What the task requires: Restate the listing word for word; omit the images.

Information shown:
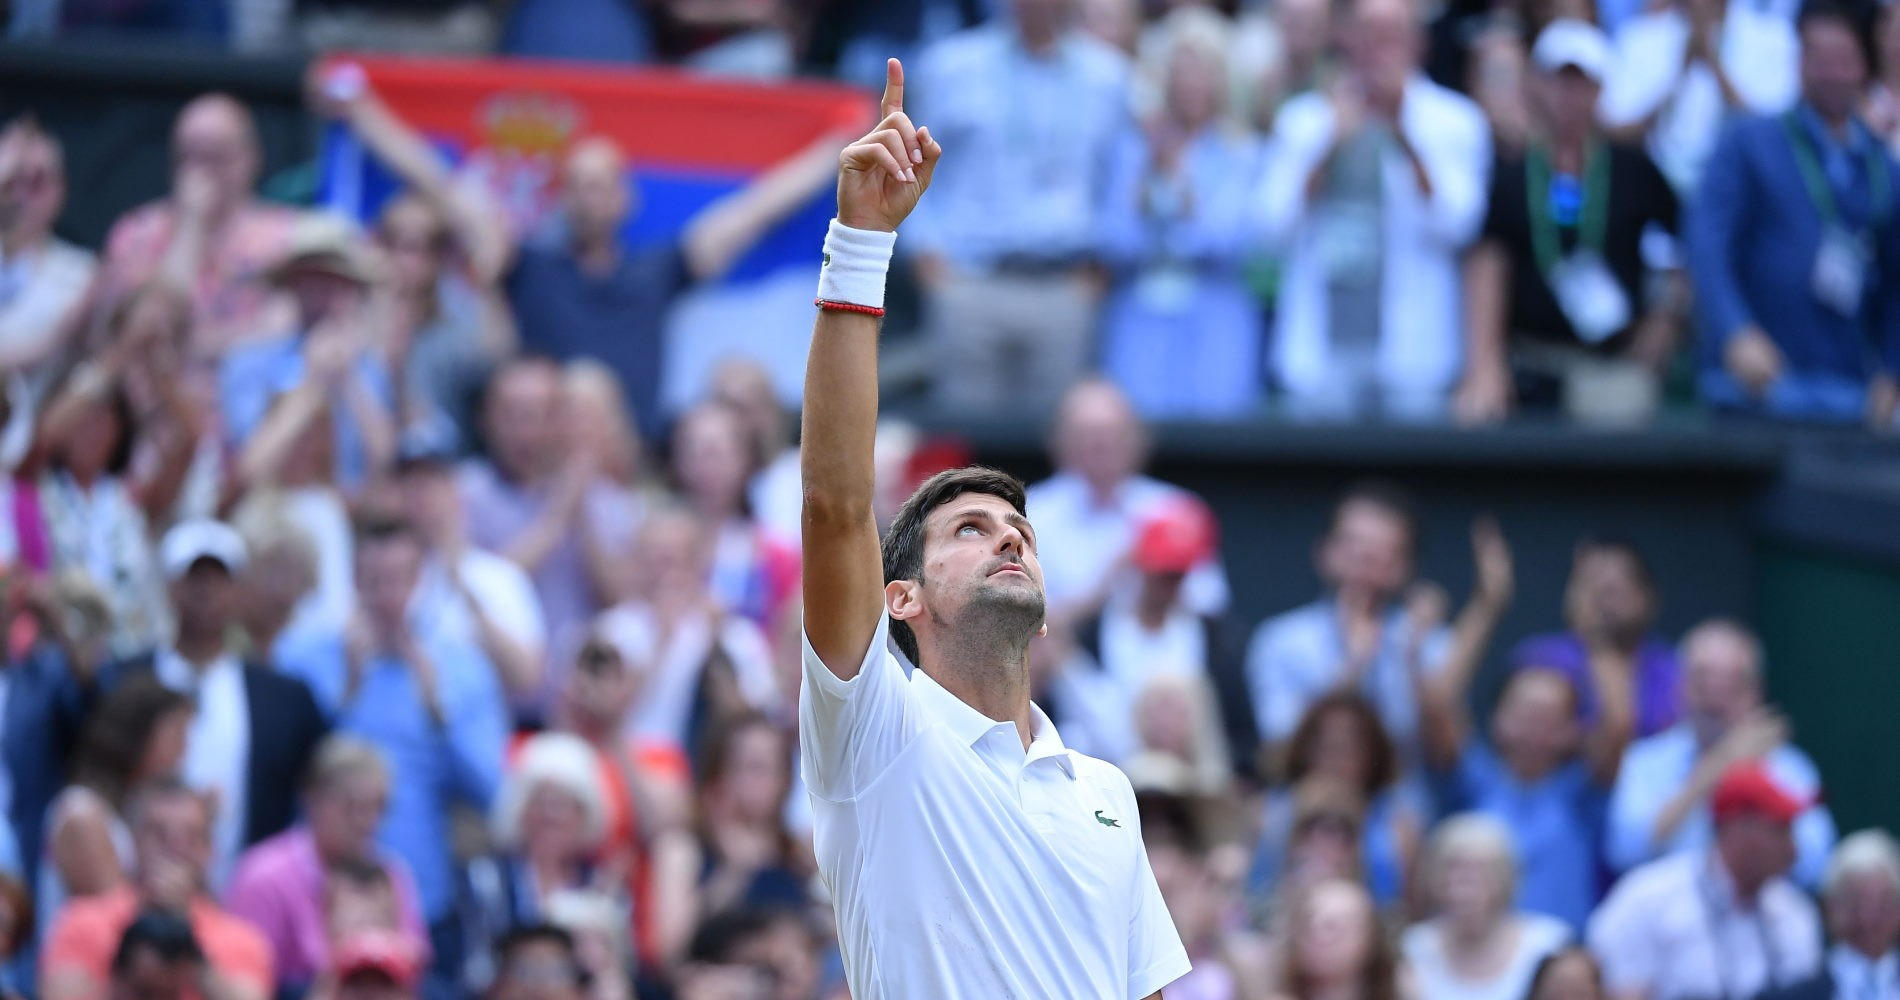 Novak_Djokovic_célébration_Wimbledon_2019
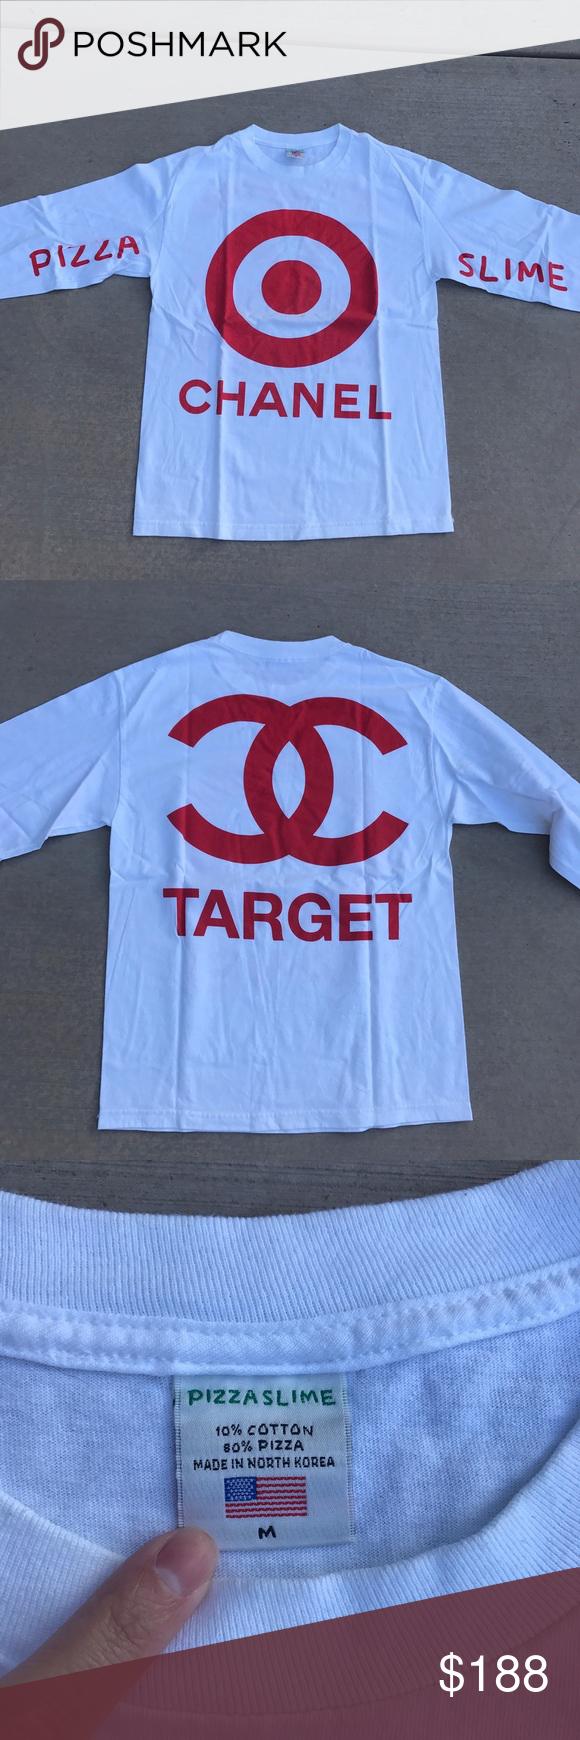 f6b5f3b9ce Long Sleeve Tee Shirts Target
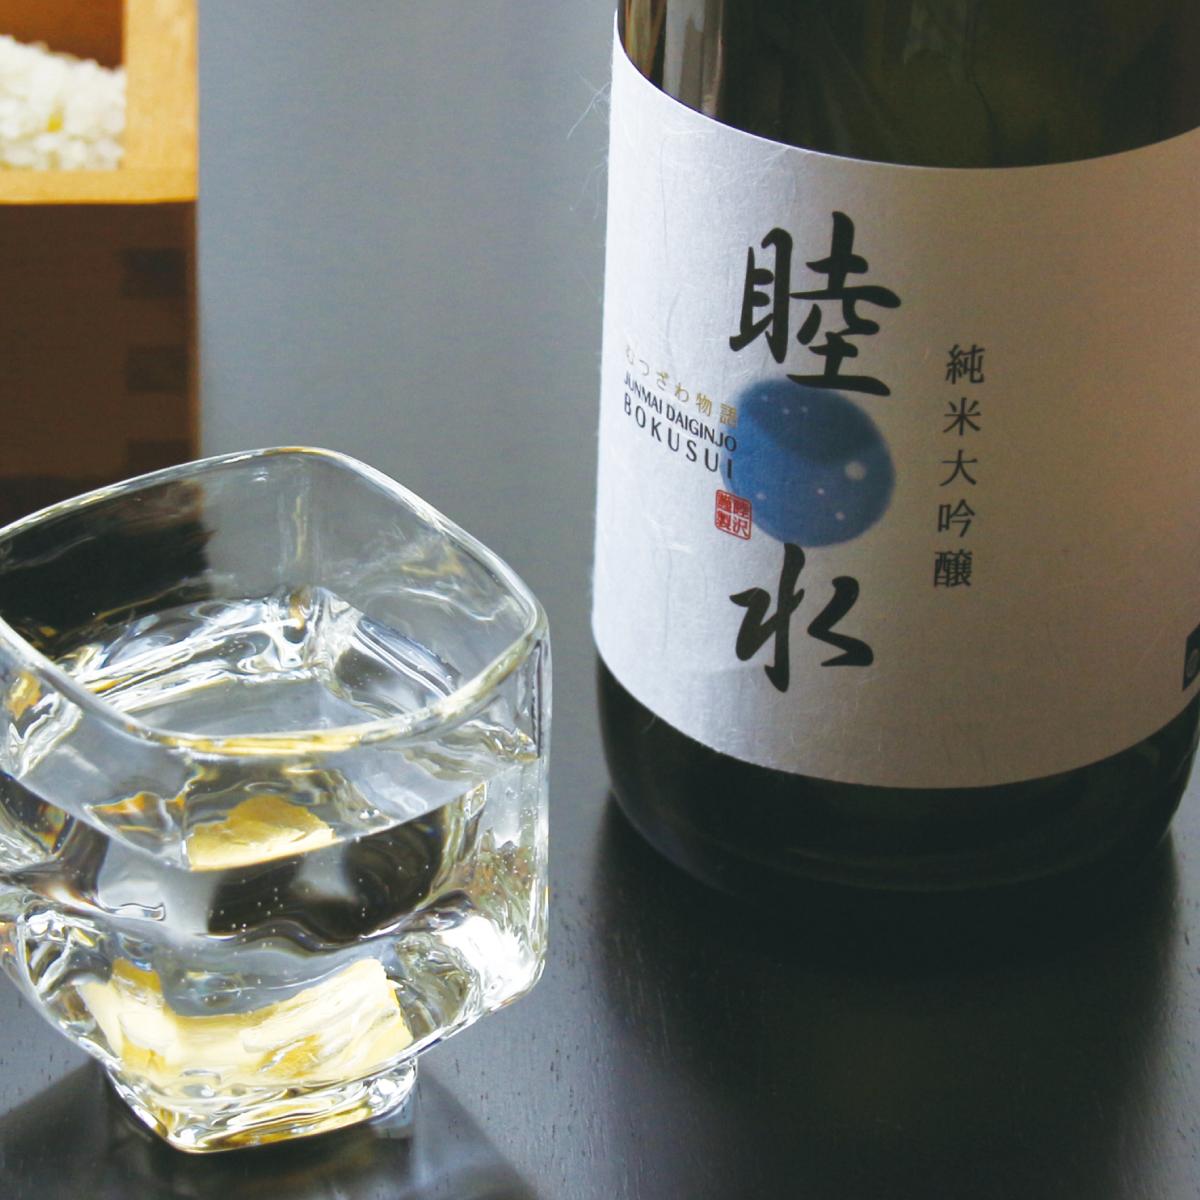 千葉県睦沢町の特産品 Mutsuzawa,chiba
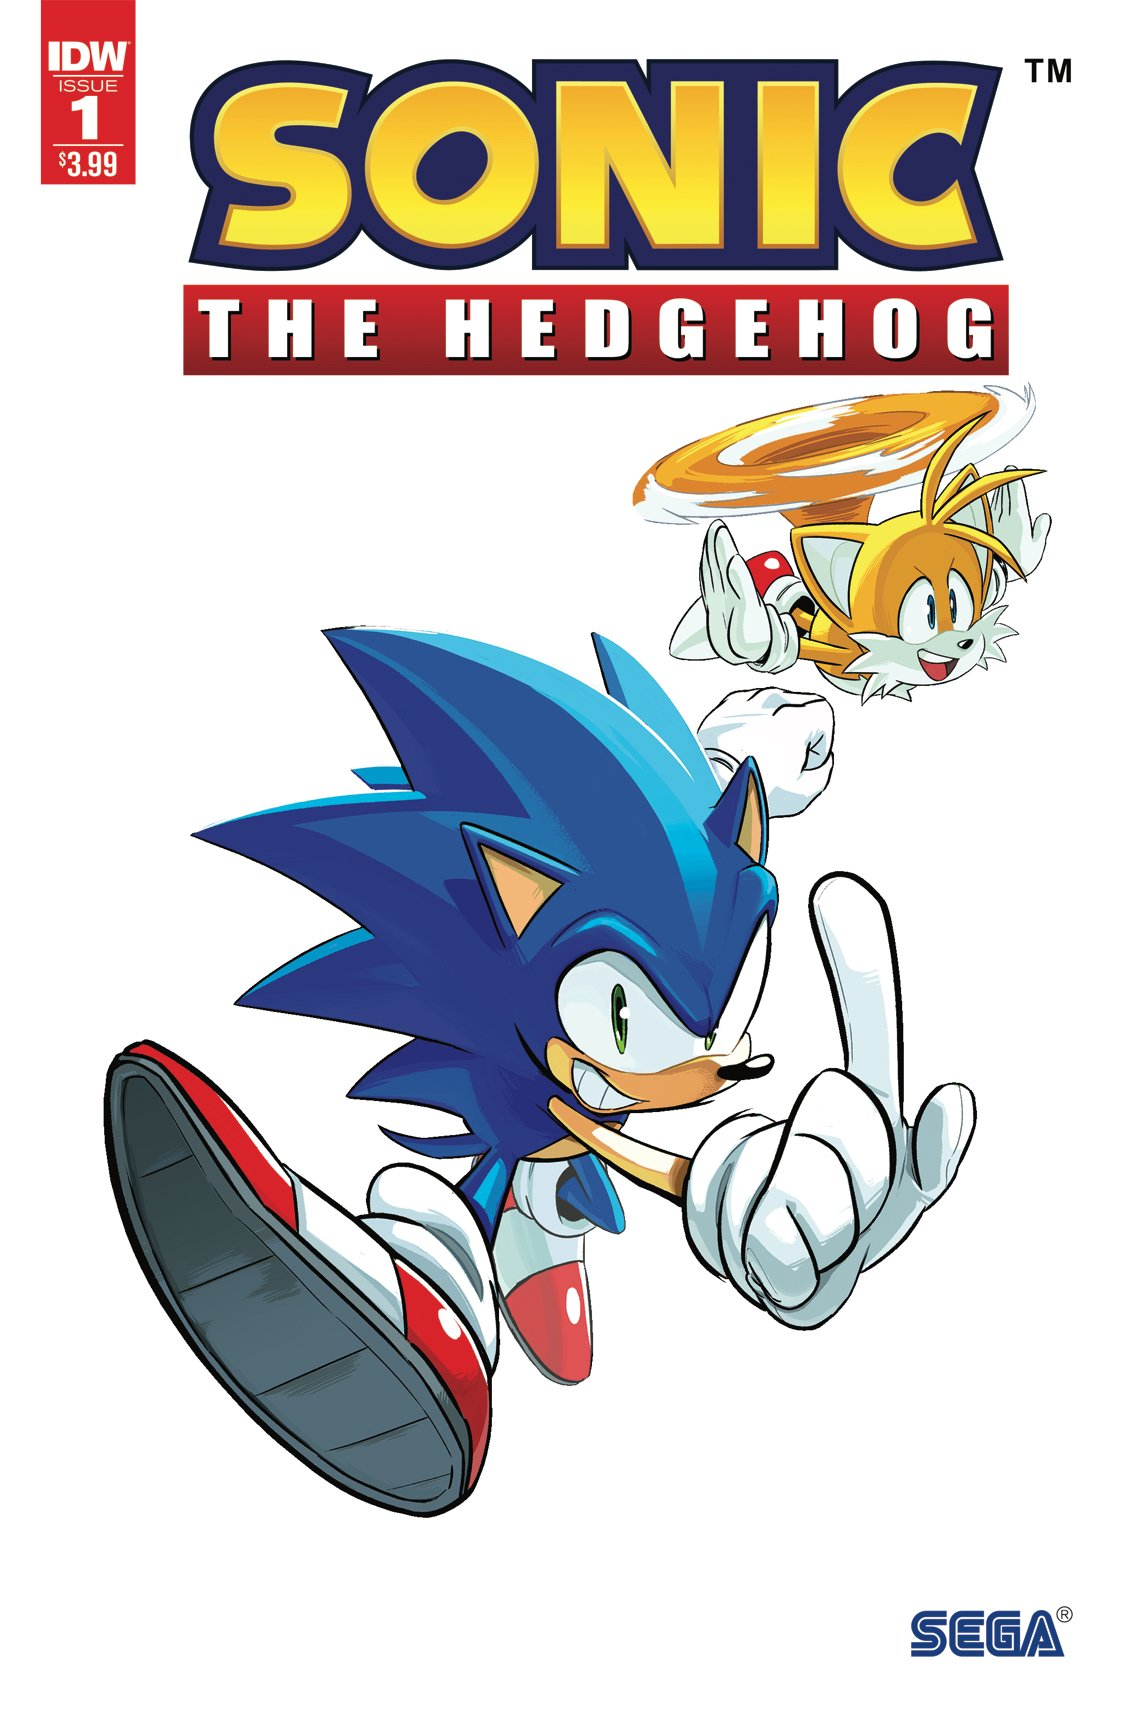 Sonic the Hedgehog 001 (April 2018) (2nd printing)

Result of the task:
 Novak_Djokovic_célébration_Wimbledon_2019
 f6b5f3b9ce Long Sleeve Tee Shirts Target
 千葉県睦沢町の特産品 Mutsuzawa,chiba
 Sonic the Hedgehog 001 (April 2018) (2nd printing)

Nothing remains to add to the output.